When I brush the question, I come across a suffix expression question , Then I feel that this problem is a classic stack application type problem , Just by this question , Let's talk about the usage of stack , Solved this problem by the way .

as everyone knows , Stack is a first in and last out data structure , Use this feature , It is very common in program design , Such as ： Parentheses matching 、 Expression evaluation 、 The application in recursion is inseparable from the data structure of stack .

Let me give you a brief introduction one by one .（PS： I will not repeat the data structure of the stack here , You can learn about ）

1. The application of stack in bracket matching

Suppose two parentheses are allowed in an expression ：｜ straight ｜ Brackets and brackets , Its nesting In any order namely （［］（）） or ［（［］[ ]）］ And so on are in the correct format ,［（］） or （［（）） or （（）］ Are in incorrect format .

We consider the following sequence of parentheses ：

Let's analyze it briefly ：

• The computer receives the 1 A bracket “ ［ ” after , Look forward to matching the 8 A bracket “ ］” appear .
• Got the 2 A bracket “（”, At this time 1 A bracket “［” Put it aside for the time being , And urgently look forward to matching the first 7 A bracket “）” appear .
• Got the 3 A bracket “ ［ ”, At this time 2 Gekuo Number “（” Put it aside for the time being , And urgently look forward to matching the first 4 A bracket “］” appear . The first 3 A bracket Your expectations are met , After digestion , The first 2 A bracket The expectation matching becomes The most urgent task at present .
• And so on , It can be seen that the process and the idea of stack 、 Coincide .
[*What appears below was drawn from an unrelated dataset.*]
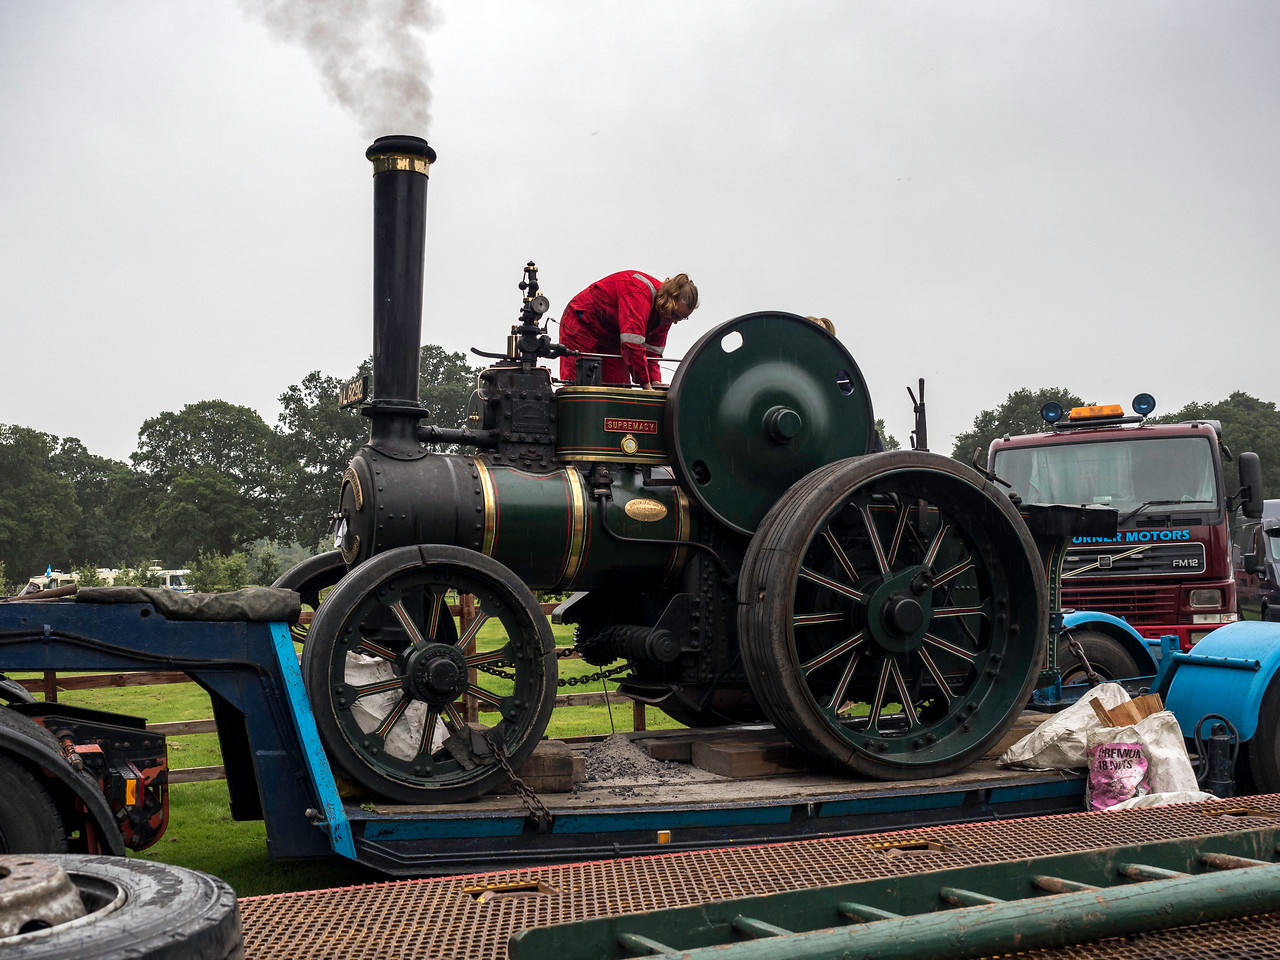 1924 Fowler General Purpose Engine 16289 'Supremacy'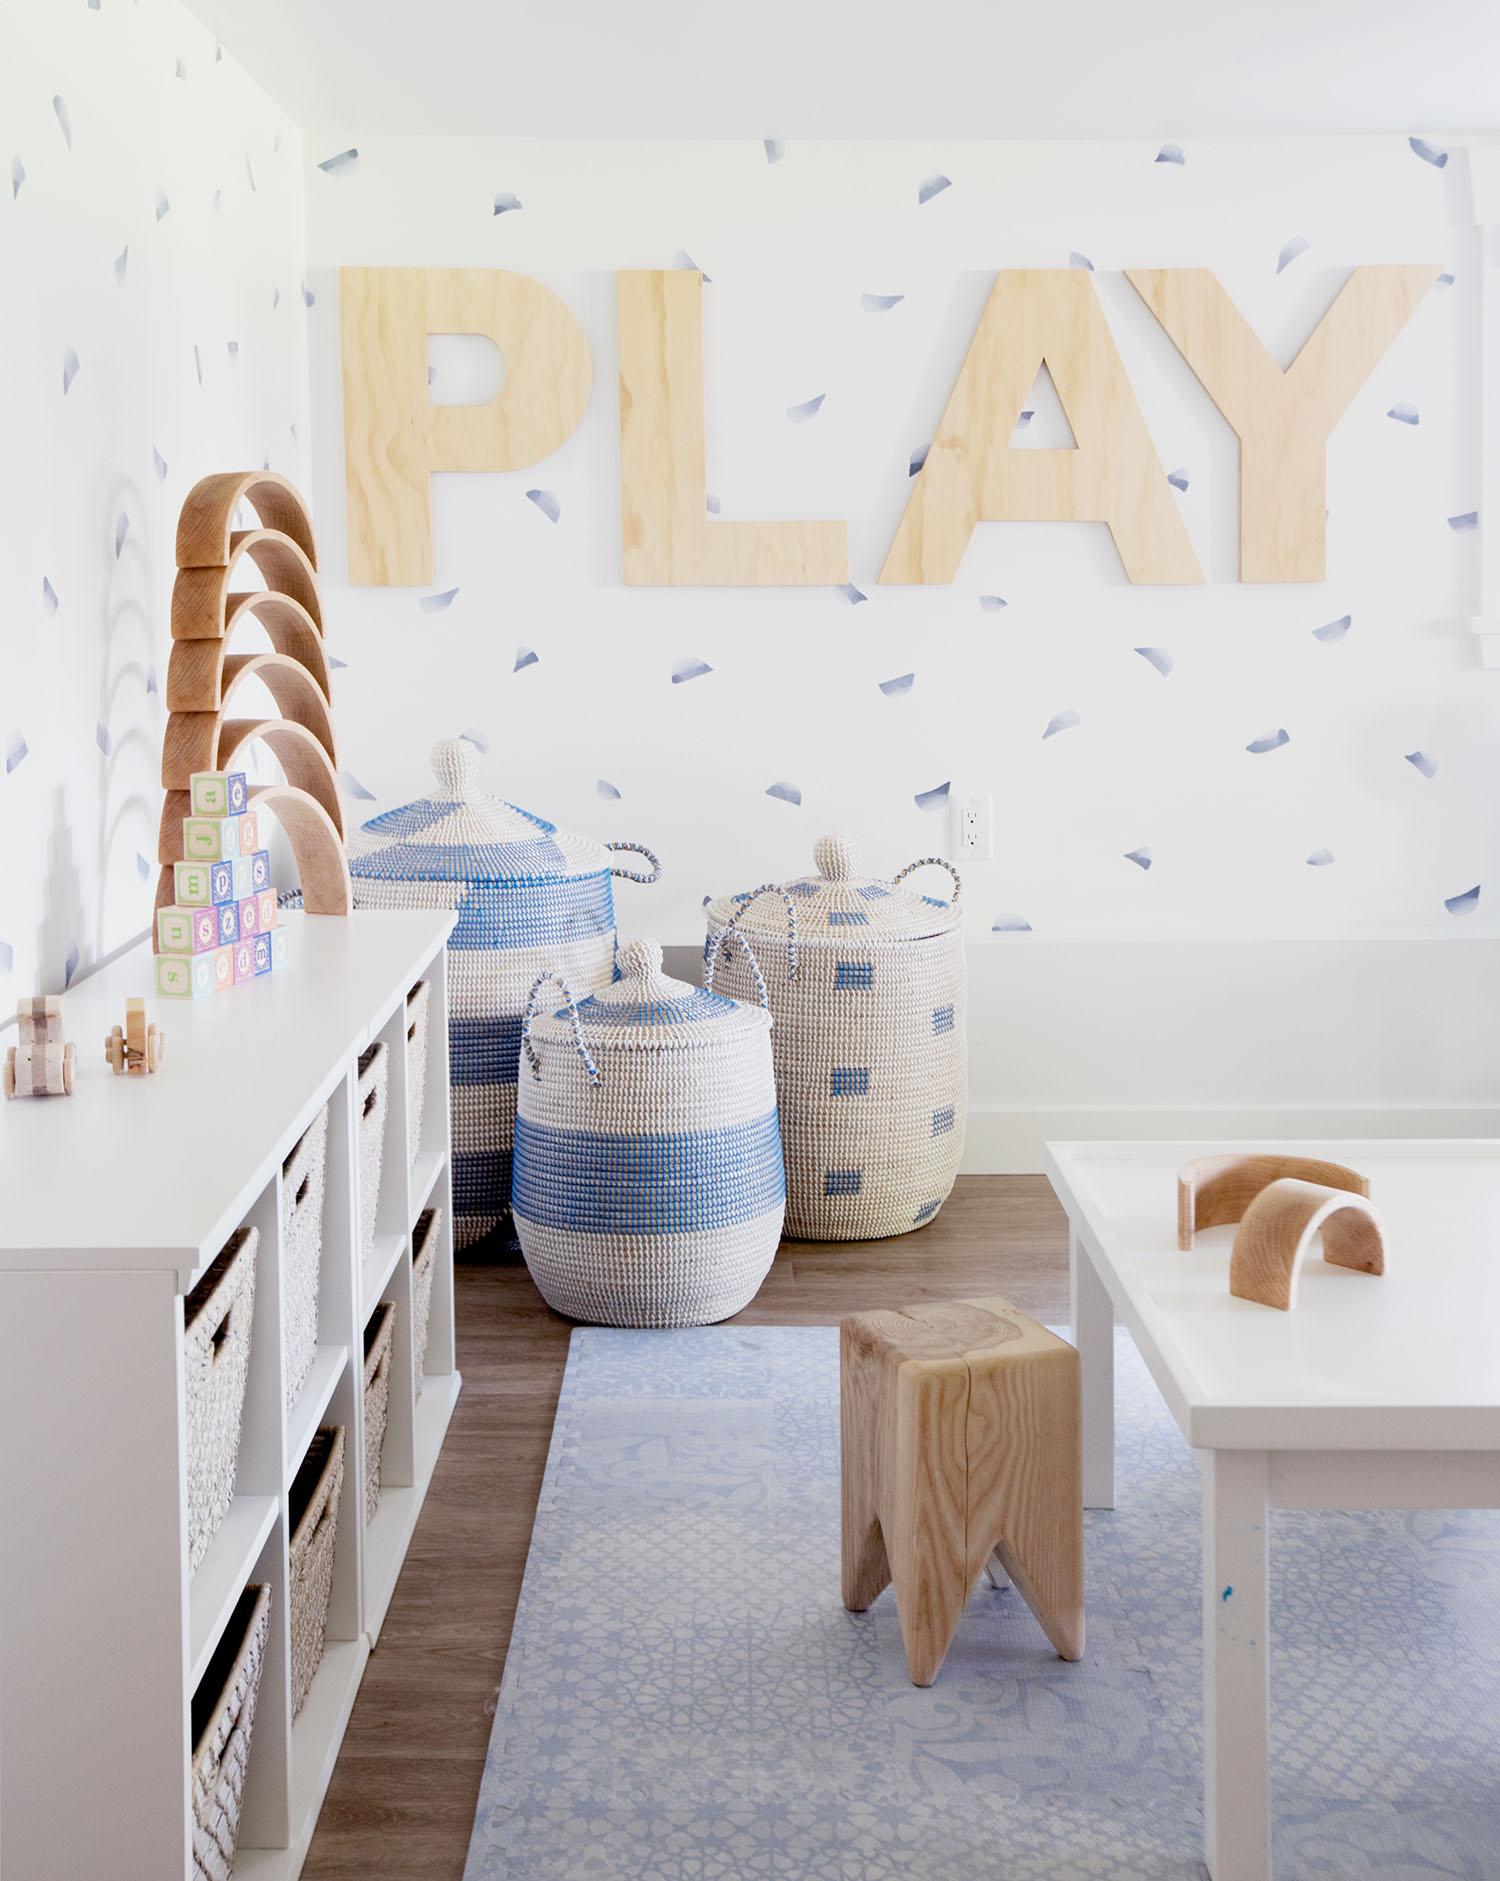 Baker_playroom letters.jpg

We will follow the above process , The following design ideas can be given ：

• Initialize a stack stack, Start scanning the parenthesis strings in turn string, When you meet [ ’ 、 ( ’ When you open a bracket, push it onto the stack .
• When a right parenthesis is encountered, it will check whether the element at the top of the stack is the left parenthesis corresponding to this right parenthesis , If it corresponds to , Then the corresponding left bracket is pushed out of the stack , If it doesn't correspond to , The expression is wrong , return false.
• Only the left parenthesis is pushed into the stack during the process , When the expression is correct , Finally, the stack will turn the left bracket out of the stack again and again and become an empty stack .
• After scanning all characters , Check whether the stack is empty , if , return true, Otherwise return to false.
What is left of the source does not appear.